The city is seeking proposals to build a transit-oriented residential building and improve the commercial corridor, as about half of the storefronts along 79th Street are vacant.
SOUTH SHORE — Proposals to redevelop nearly 75,000 square feet of land at 79th Street and Exchange Avenue into transit-oriented housing and commercial space will be accepted through Aug. 31, the city’s planning department announced Friday.
The Department of Planning and Development is accepting pitches to build and rehab structures on two plots of land at 2908–26 E. 79th St. and 7901–33 S. Exchange Ave.
The 1.7-acre site next to the Metra Electric line’s Cheltenham station includes three existing low-rise buildings and vacant land.
The city seeks proposals to build a transit-oriented residential building and improve the commercial corridor, as about half of the storefronts along 79th Street are vacant. The land is privately owned, save for a city-owned lot at 7909 S. Exchange Ave.
The 79th and Exchange intersection is one of the focuses of the South Shore Corridor Study approved by city officials in May. The study called for transit-oriented developments along Exchange Avenue at 75th and 79th Streets, where bus lines and Metra stations converge.

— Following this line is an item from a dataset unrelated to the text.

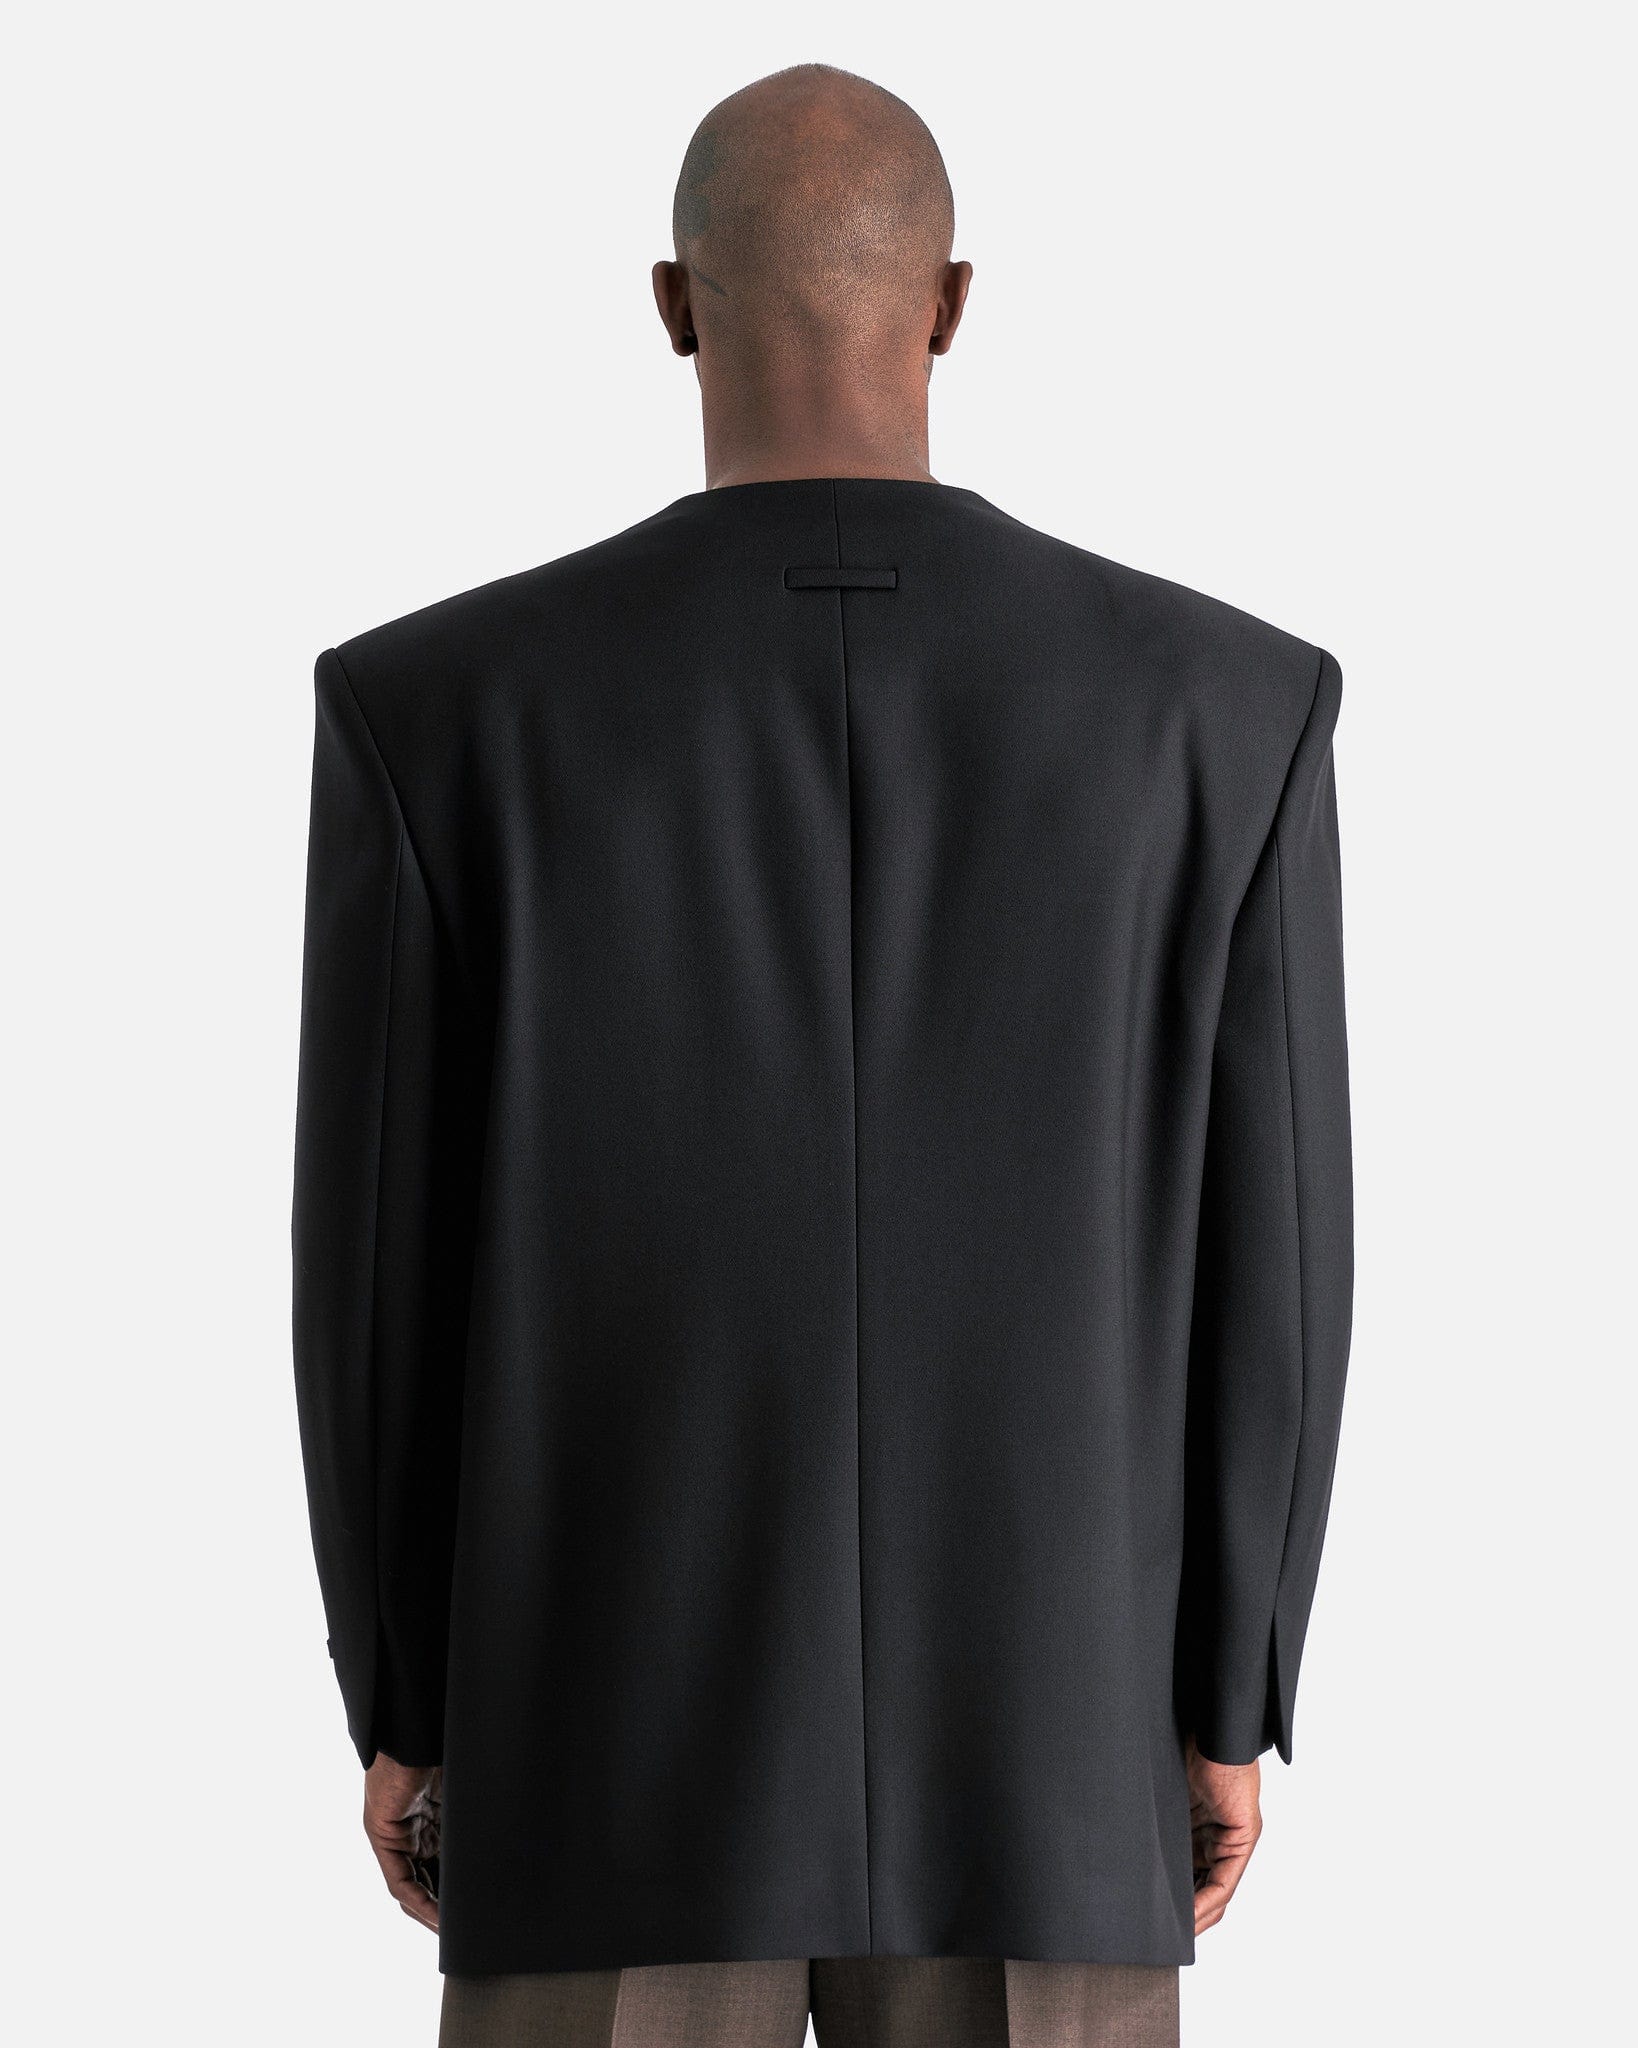 Fear of God Men's Jackets Lapelless Suit Jacket in Black

The planned project at the border of South Shore and South Chicago is one of three INVEST South/West projects for which the city requested proposals Friday, alongside two others in Humboldt Park.
The winning proposals are set to be announced later this year. For more information, click here.
“Each of these sites are community focal points that can directly deliver on the promise of INVEST South/West,” Planning Commissioner Maurice Cox said. “In terms of neighborhood improvements and growth potential, [the sites are] where developers and investors are being encouraged to focus their resources, their creativity, and their local partnerships.”
The South Side site includes the three-story Ringer Bank building at 7915 S. Exchange Ave., which was built in 1928 and is “very likely” eligible for designation as a Chicago Landmark, according to a city report.
The long-vacant building has many maintenance issues, but developers are encouraged to preserve the building’s defining features “as much as reasonably possible.”
The planning department “will strongly support” the chosen developer in seeking landmark status for the former bank, the report reads. Officials said they envision the building “as a community hub that may include professional services, a restaurant, an incubator space and other uses.”